** Information provided **
□ □ □ □
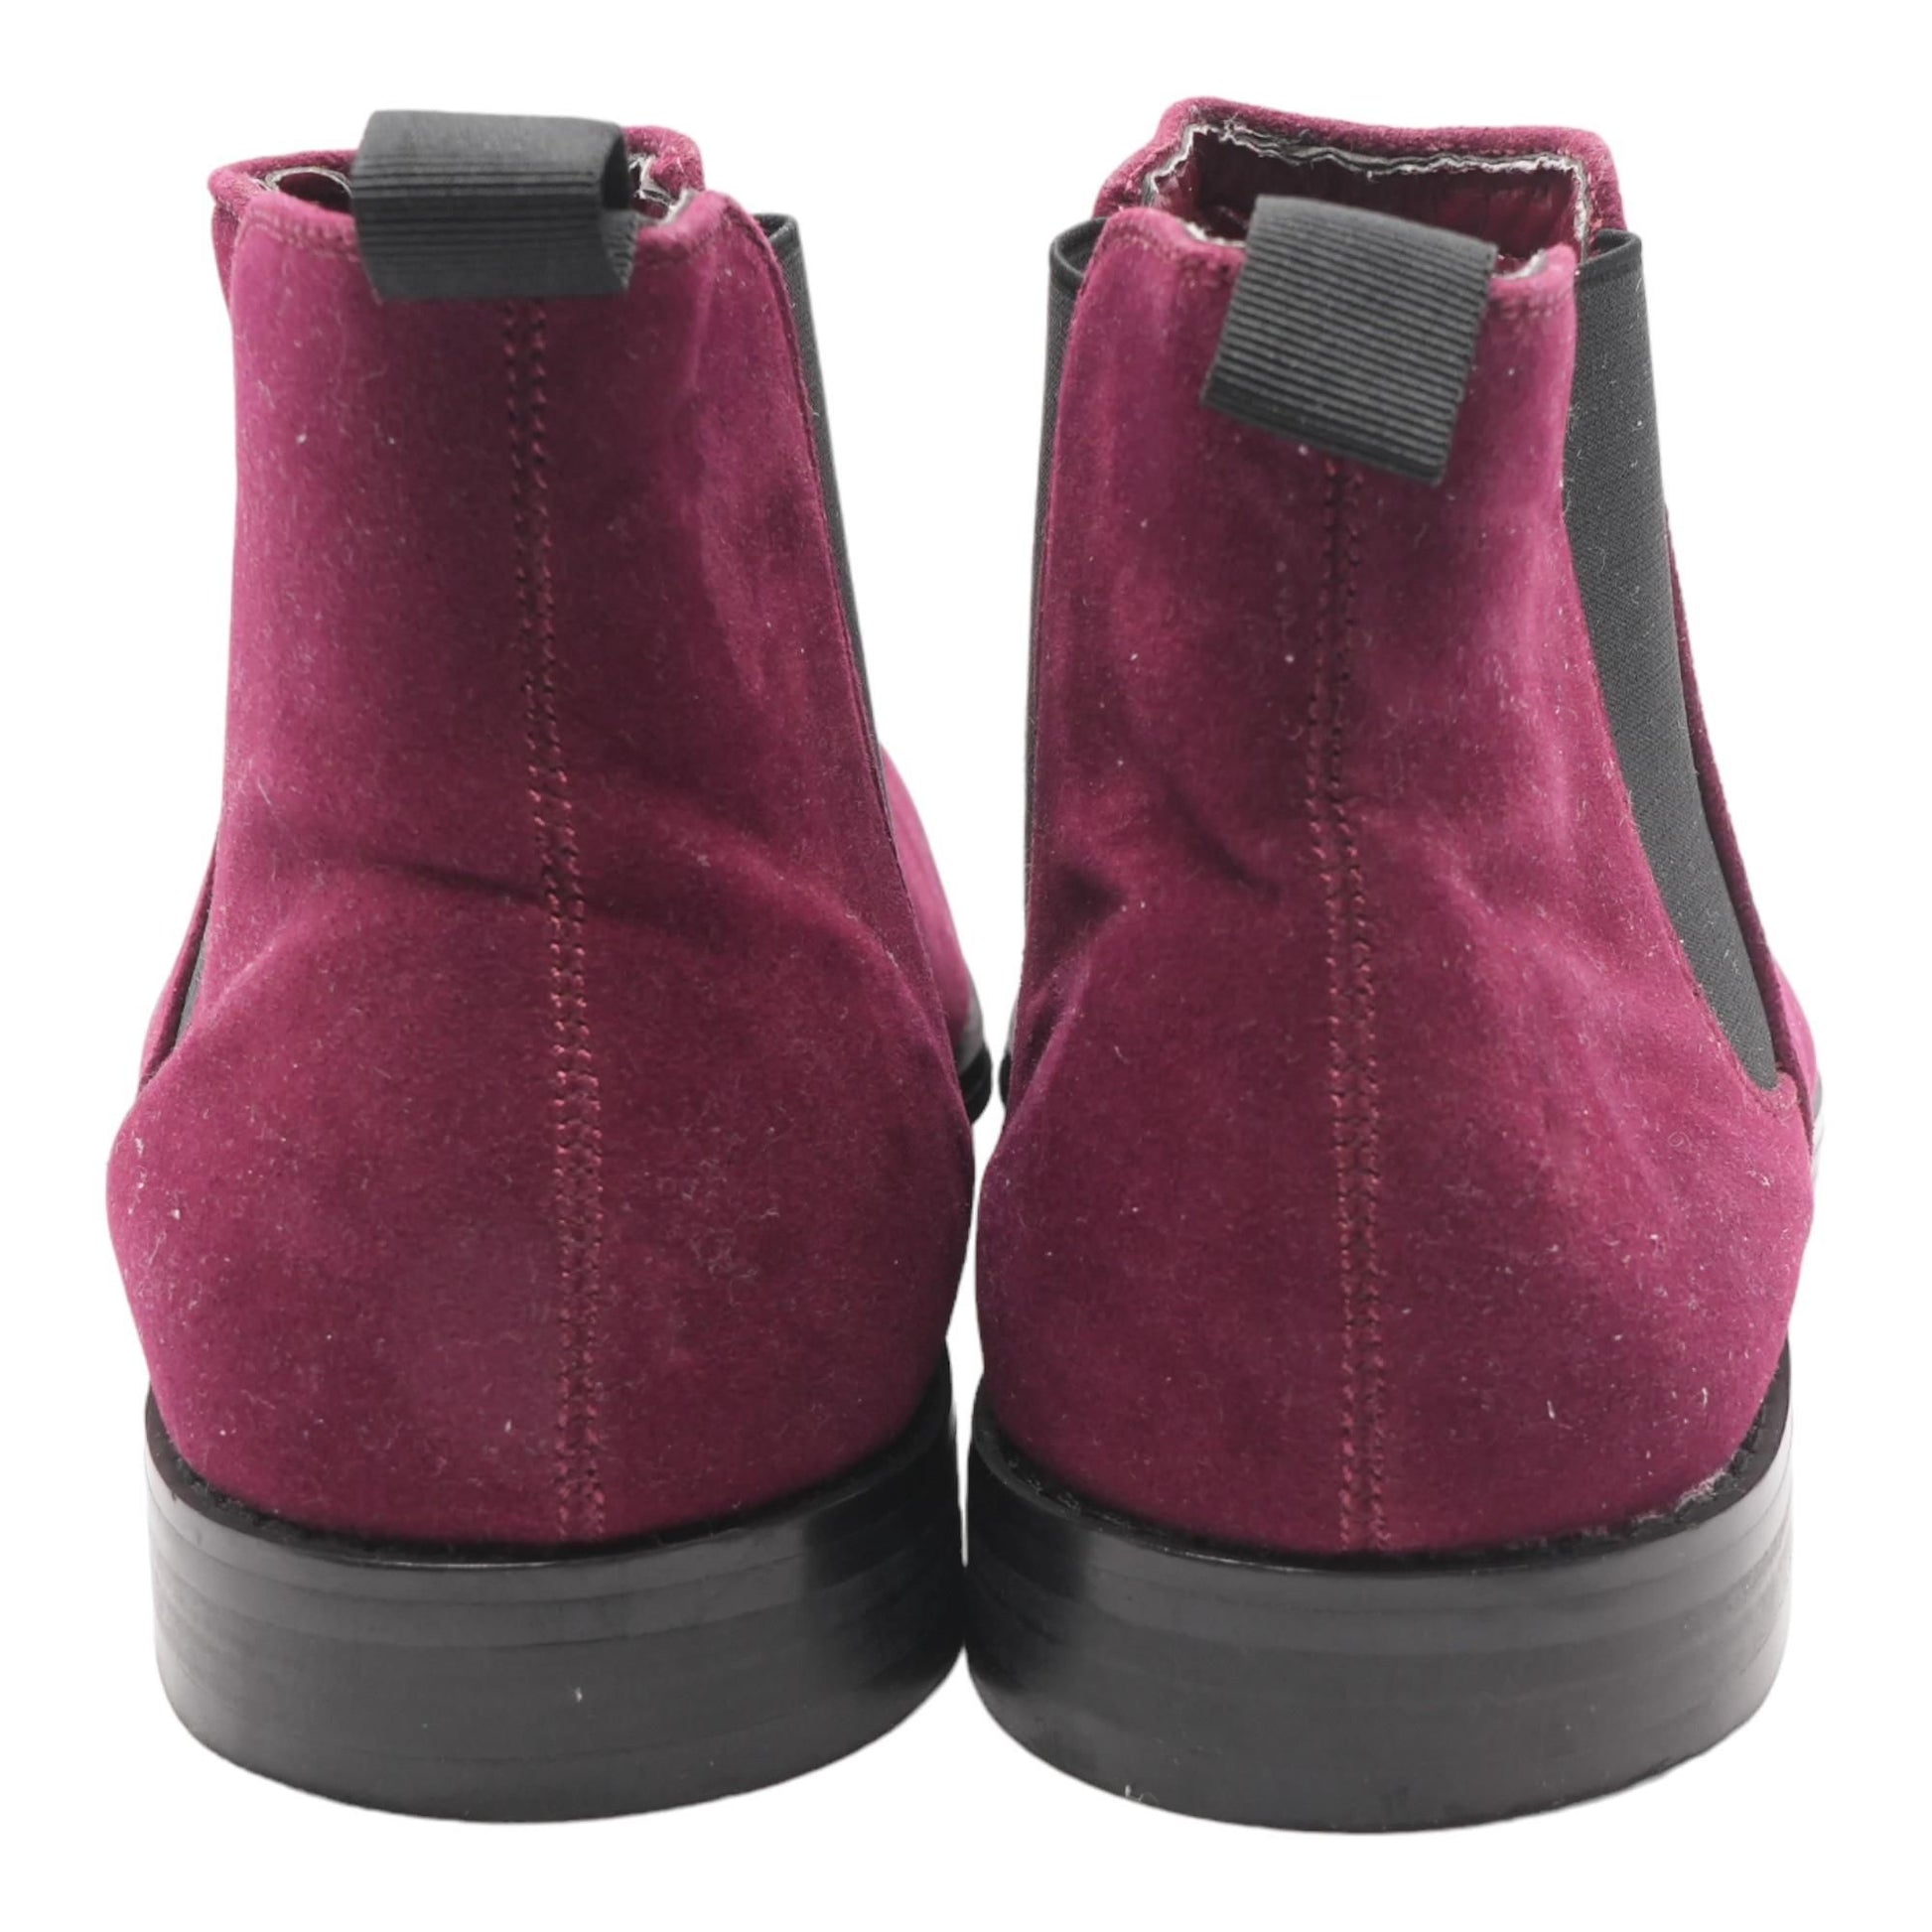 Burgundy Leather Chelsea Boots – Unclaimed Baggage
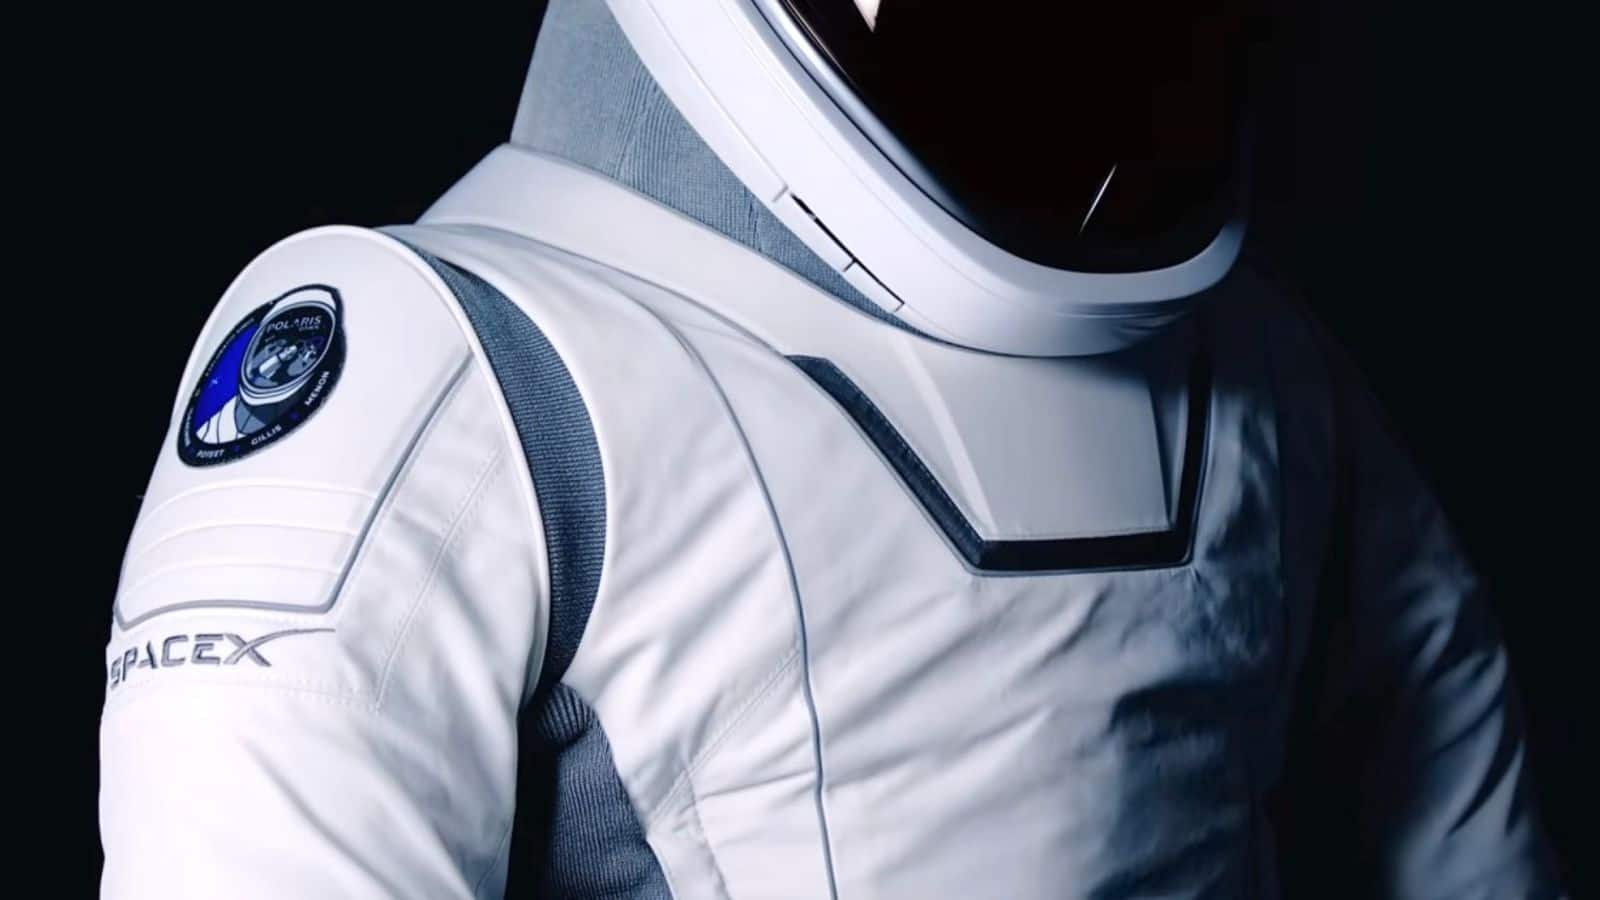 SpaceX unveils innovative spacesuit for first commercial astronaut spacewalk
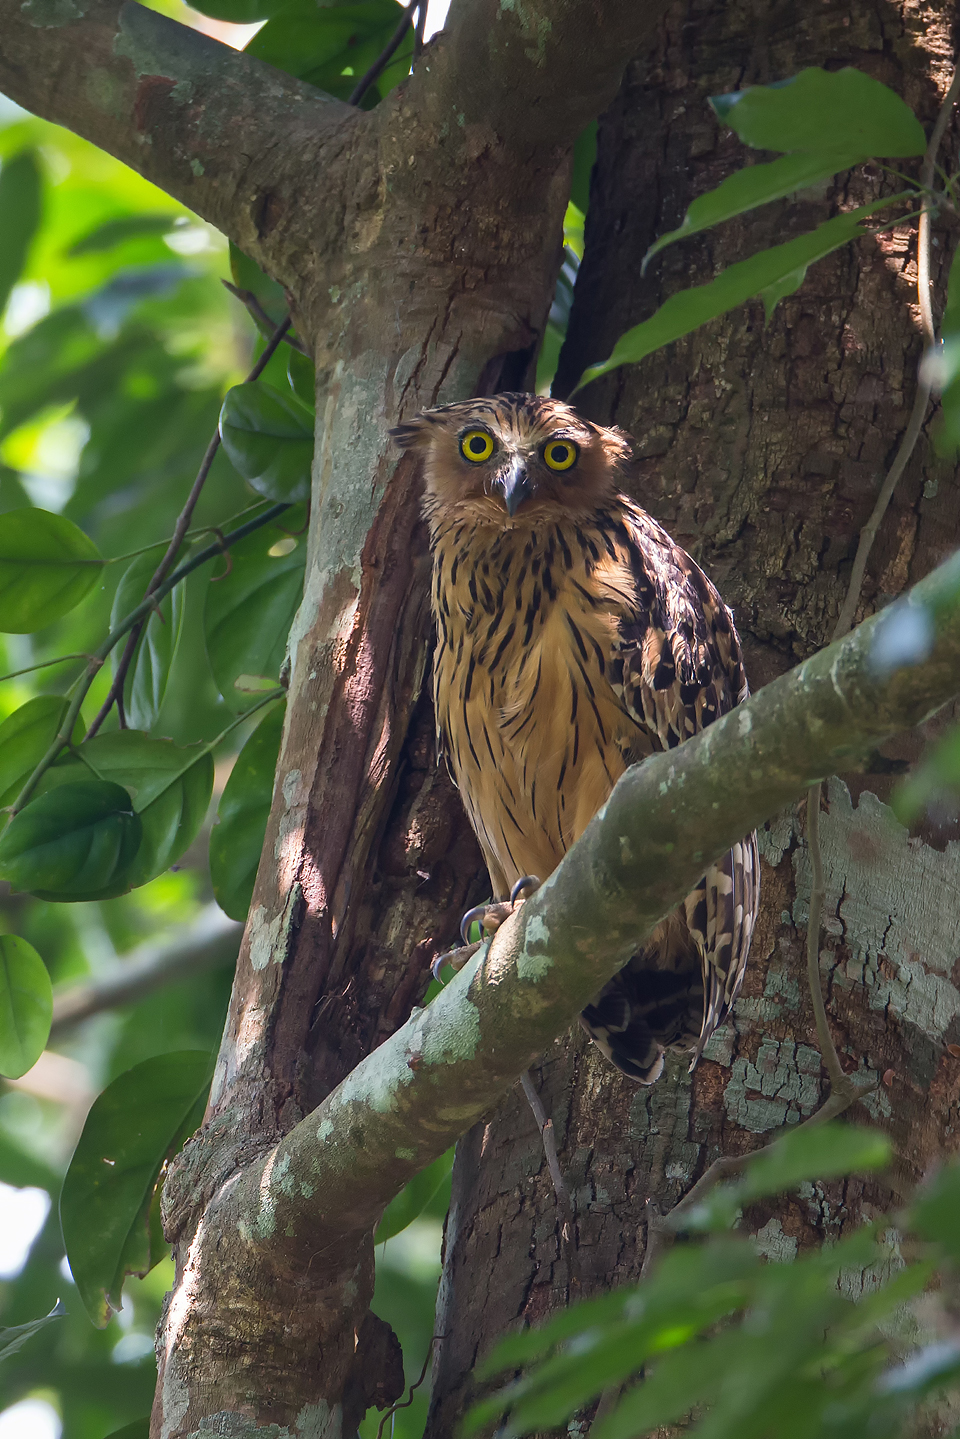 meet another Buffy Fish-Owl in the day time .. 光天化日马来渔鸮
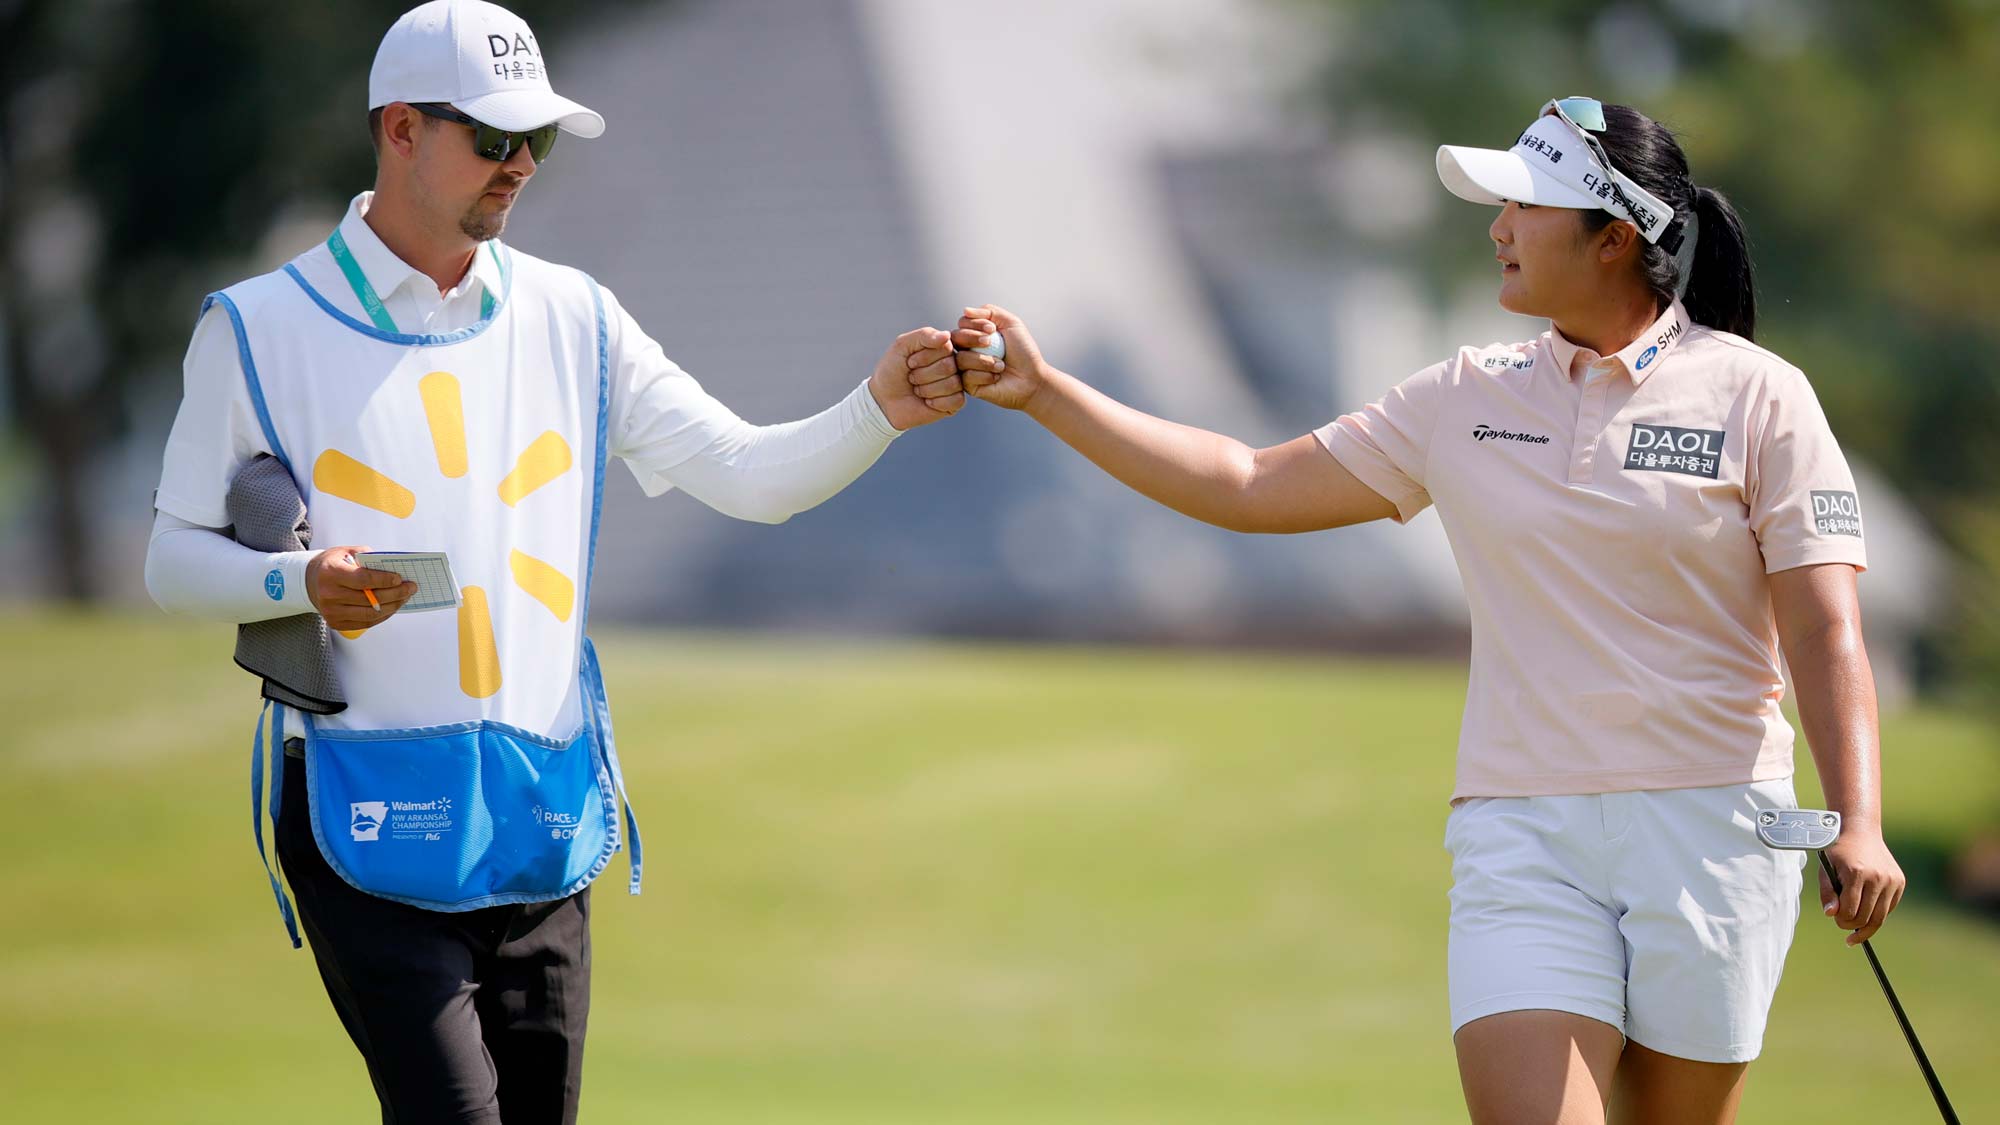 Hae Ran Ryu of South Korea reacts to her birdie putt with her caddie on the first green during the Final round of the Walmart NW Arkansas Championship presented by P&G at Pinnacle Country Club
□ □ □ □
** Work required **
Print the listing exactly, images excluded.

** Exercise answer **
 Burgundy Leather Chelsea Boots – Unclaimed Baggage
 SpaceX unveils innovative spacesuit for first commercial astronaut spacewalk
 meet another Buffy Fish-Owl in the day time .. 光天化日马来渔鸮
 Hae Ran Ryu of South Korea reacts to her birdie putt with her caddie on the first green during the Final round of the Walmart NW Arkansas Championship presented by P&G at Pinnacle Country Club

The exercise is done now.